# [What you should do]
Return the data below in full and exactly, except that the pictures are dropped.
----- Data segment -----
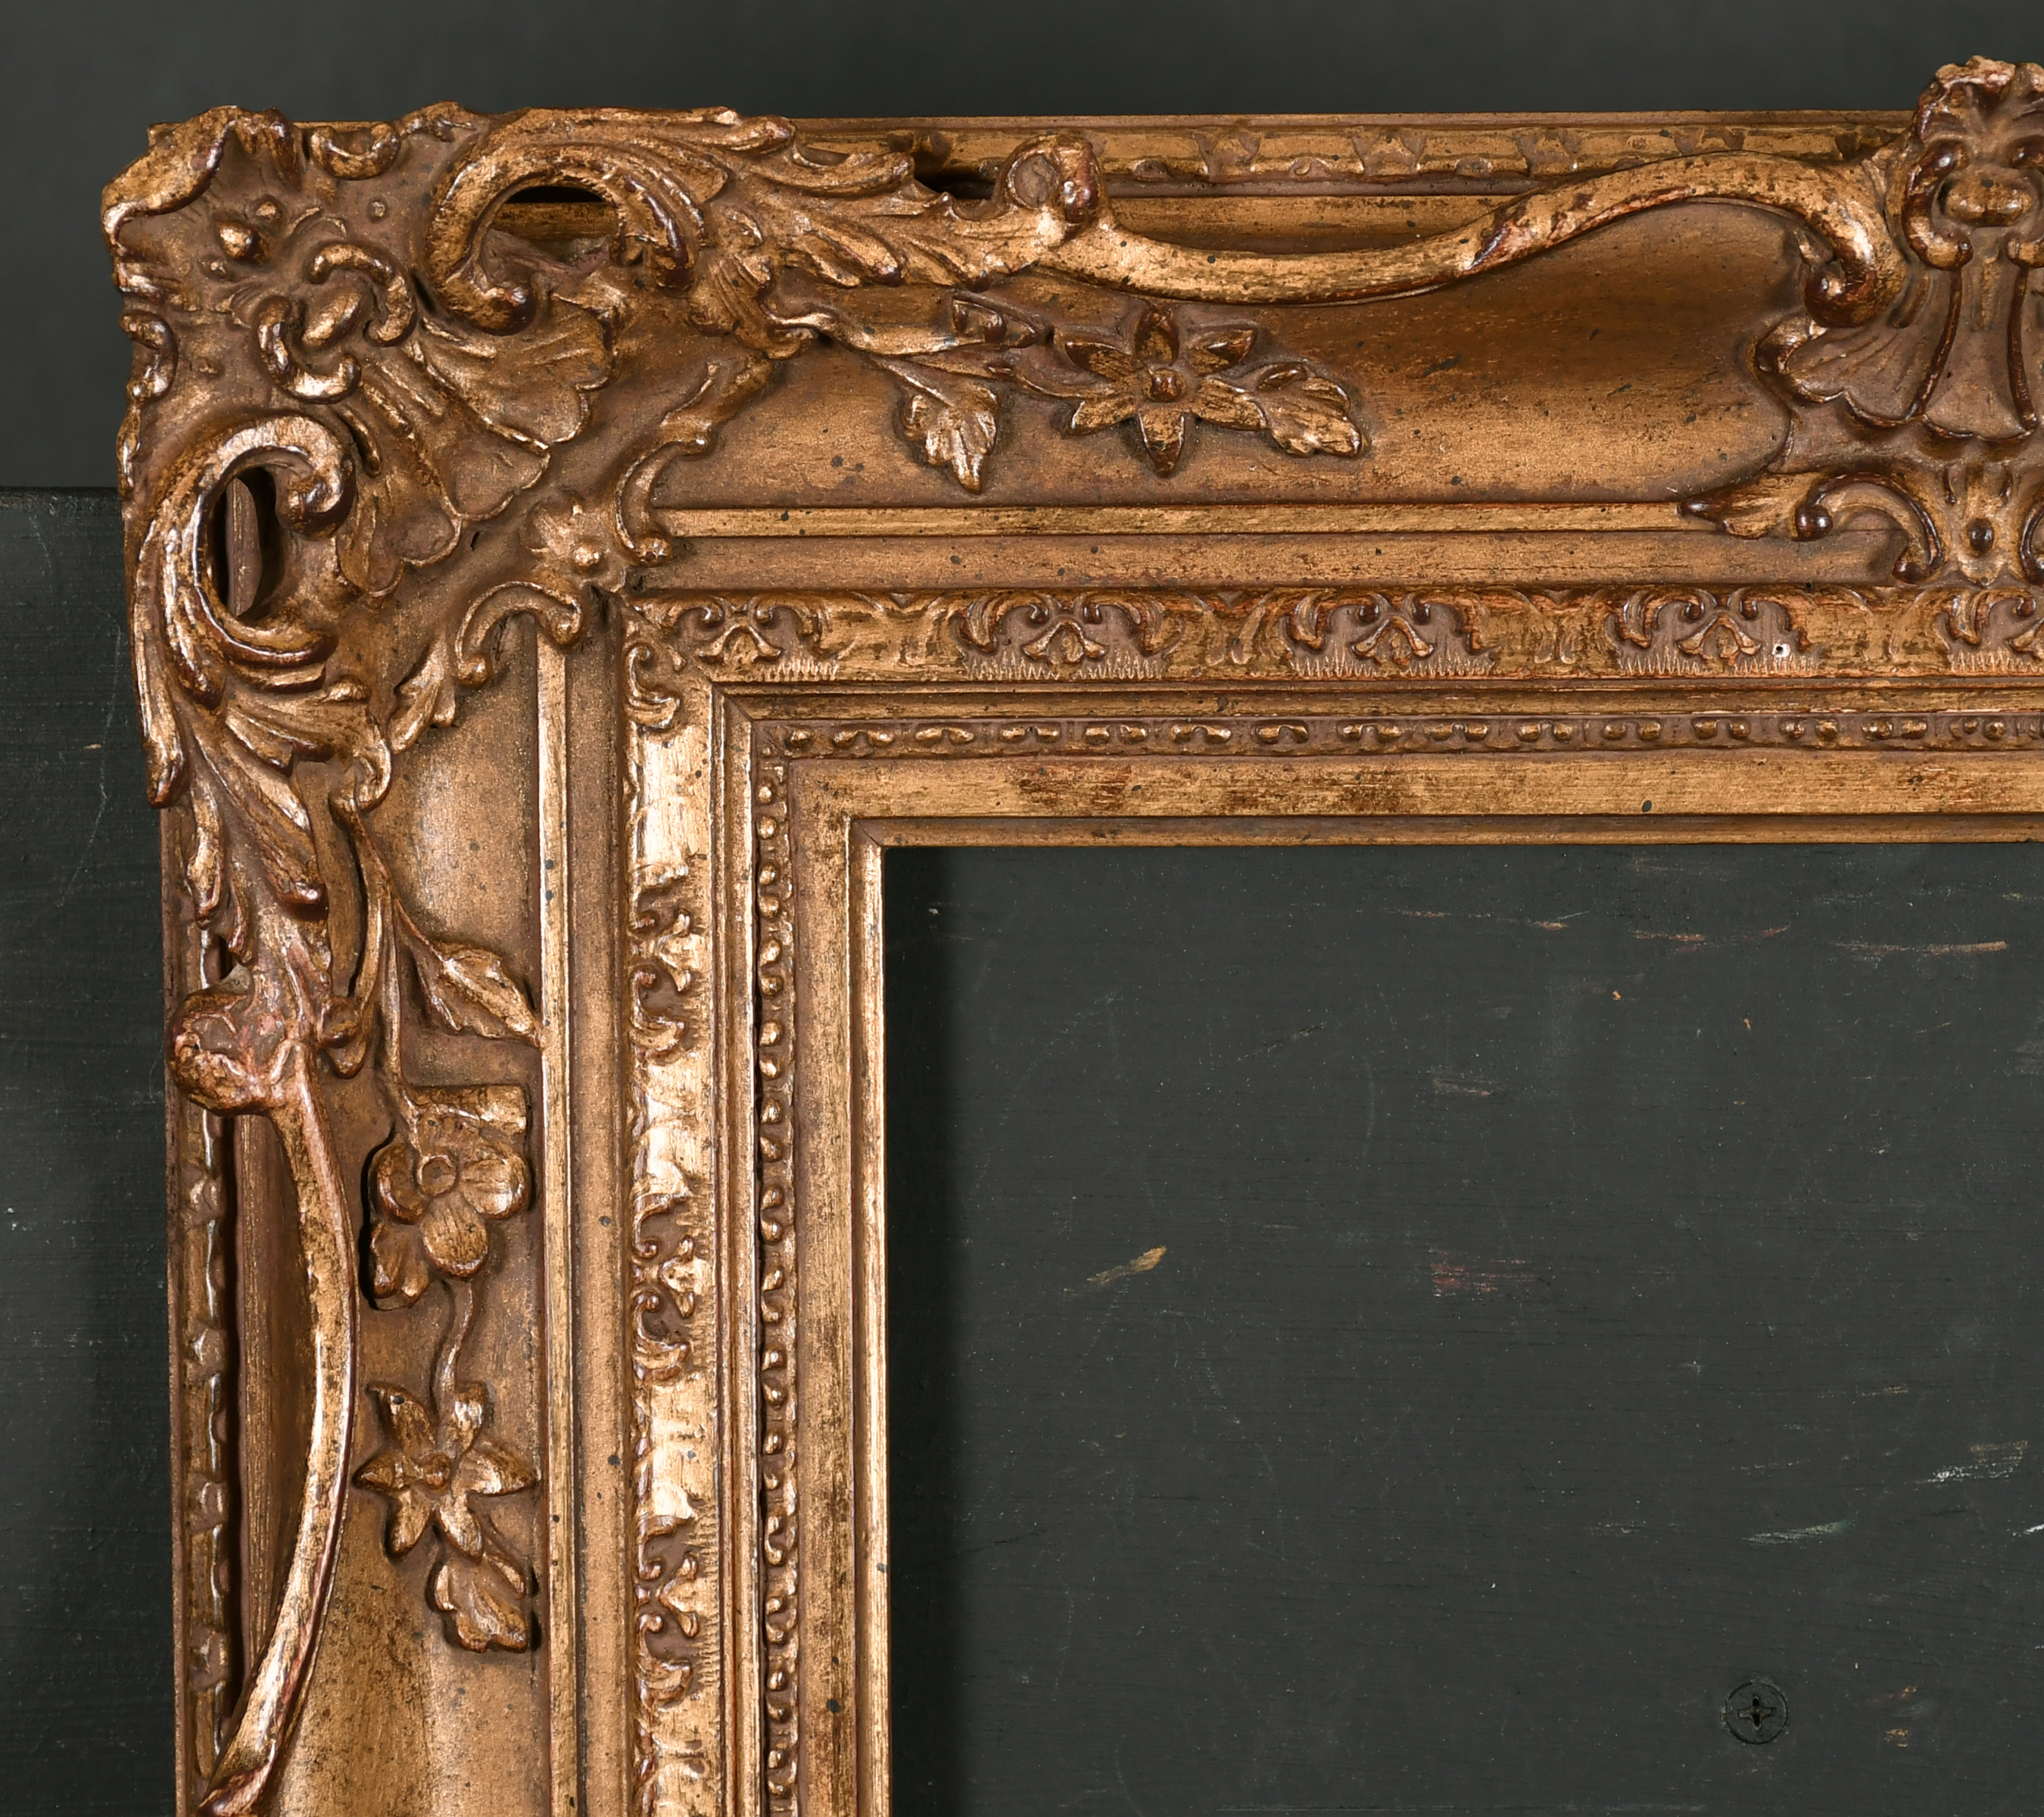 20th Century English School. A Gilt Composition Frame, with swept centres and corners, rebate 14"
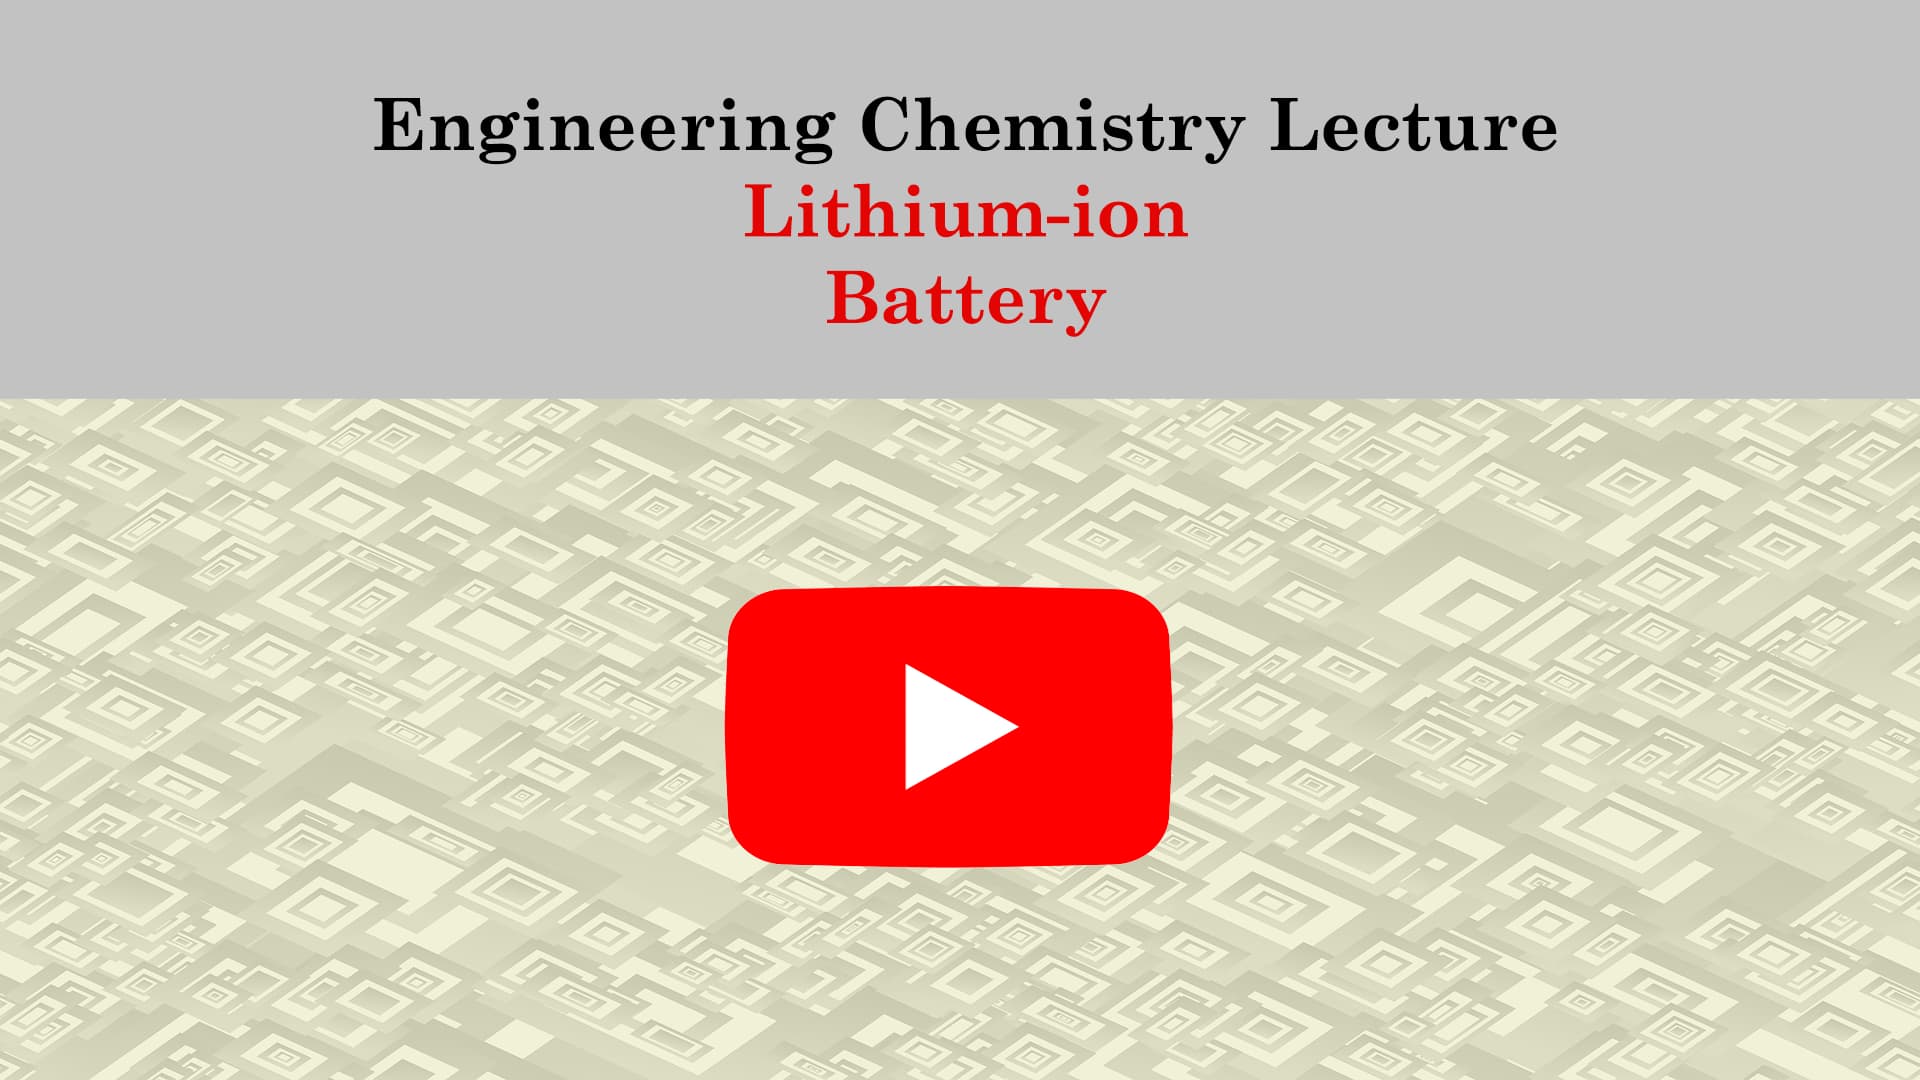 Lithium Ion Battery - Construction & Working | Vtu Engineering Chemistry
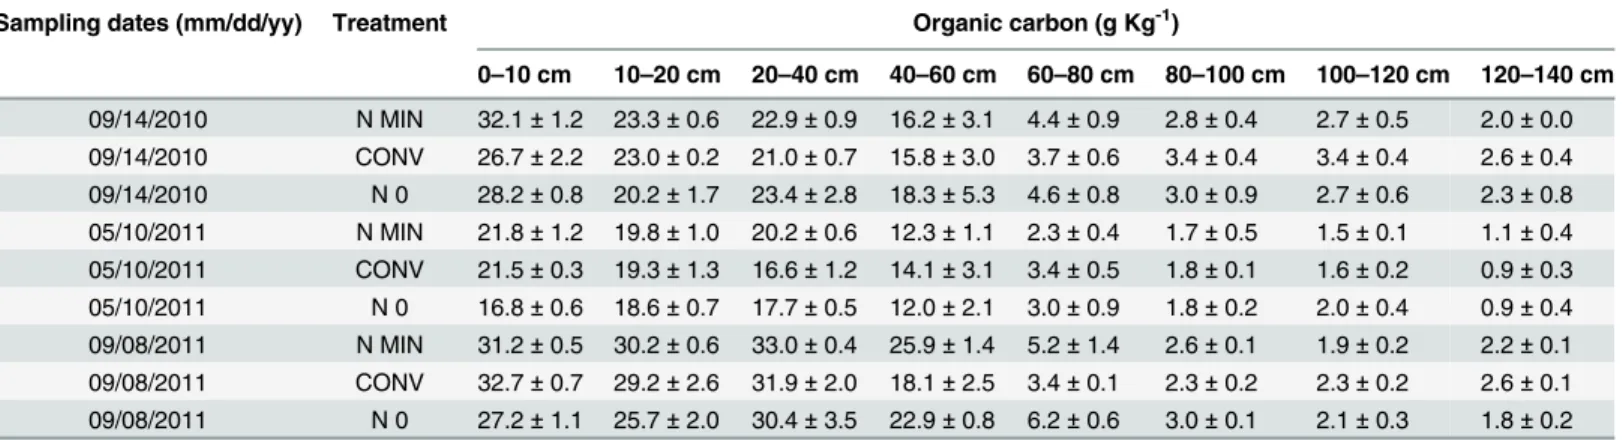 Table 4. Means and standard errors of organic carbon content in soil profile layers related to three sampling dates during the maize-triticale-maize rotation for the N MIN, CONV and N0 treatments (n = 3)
-----
# [Answer to the problem]
 20th Century English School. A Gilt Composition Frame, with swept centres and corners, rebate 14"
 Lithium Ion Battery - Construction & Working | Vtu Engineering Chemistry
 Table 4. Means and standard errors of organic carbon content in soil profile layers related to three sampling dates during the maize-triticale-maize rotation for the N MIN, CONV and N0 treatments (n = 3)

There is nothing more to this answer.